Inter-company agreements from the legal and commercial foundations of these post-transaction matters and relationships. Consequently, there is the natural possibility of complex financial flows between these group entities which would affect the tax base in each respective jurisdiction. A post-transaction transfer pricing analysis allows for the optimisation of the group’s tax strategy to achieve the most efficient and fair tax structure and is achievable by taking the following steps:
- Preparation of the inter-company agreements: being the core document establishing the legal and commercial relationship between related entities, it is vital that these agreements clearly define the roles of each party and delineate the respective group transactions.
- Internal restructuring: this involves the reallocation of group entity roles, the movement of real and intellectual property ownership and reorganisation of senior management.

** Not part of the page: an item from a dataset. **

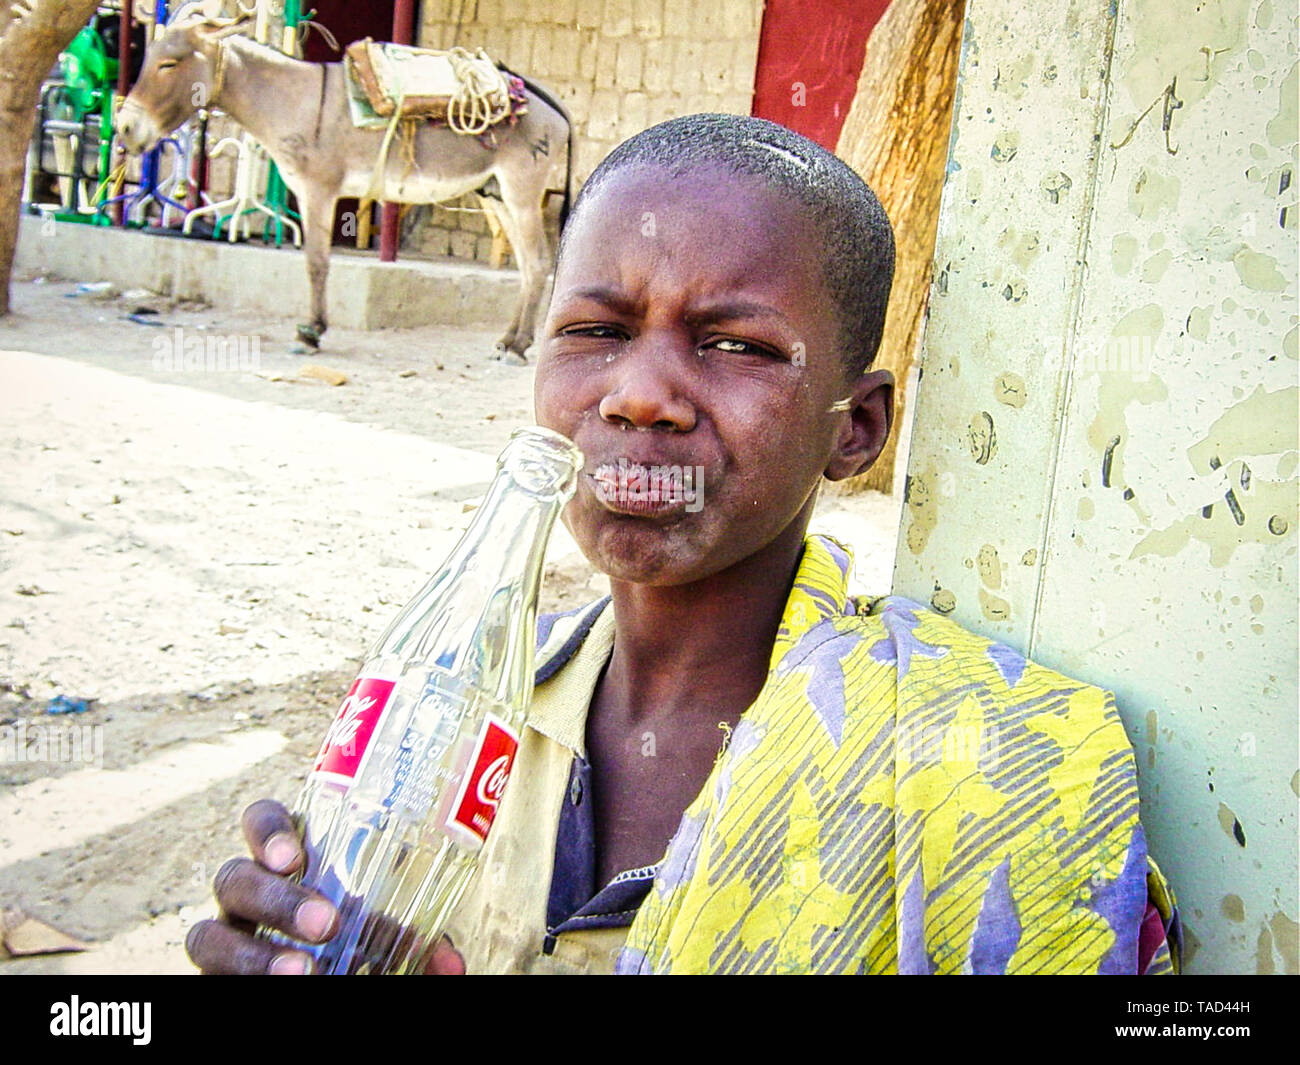 TIMBUKTU, MALI - Februar Circa, 2019. Nicht identifizierte arme Kind trinkt eine Coca-cola Flasche, gegeben durch Touristen in der Straße von Dorf in Mali Stockfoto

- Reallocation of commercial risk: this involves the identification of economically significant risks (strategic, marketplace operational, financial and transactional risks) and the contractual or transactional reallocation of these risks to group entities that are able to absorb the risk for the benefit of the integrated group.
Together, these steps would provide for a conclusive functional analysis (the foundation of a transfer pricing policy) of the group and subsequently provide an opportunity to adopt the most appropriate transfer pricing methods with a view towards tax optimisation of the entire group.
Whereas this write-up provides a brief overview of the salient issues to consider in your post M&A transfer pricing considerations, parties to M&A transactions ought to keep these factors as talking points at the negotiation stage of the M&A transaction on a specific and case-by-case basis.
This alert is for general use only and should not be relied upon without seeking specific legal or tax advice on any matter.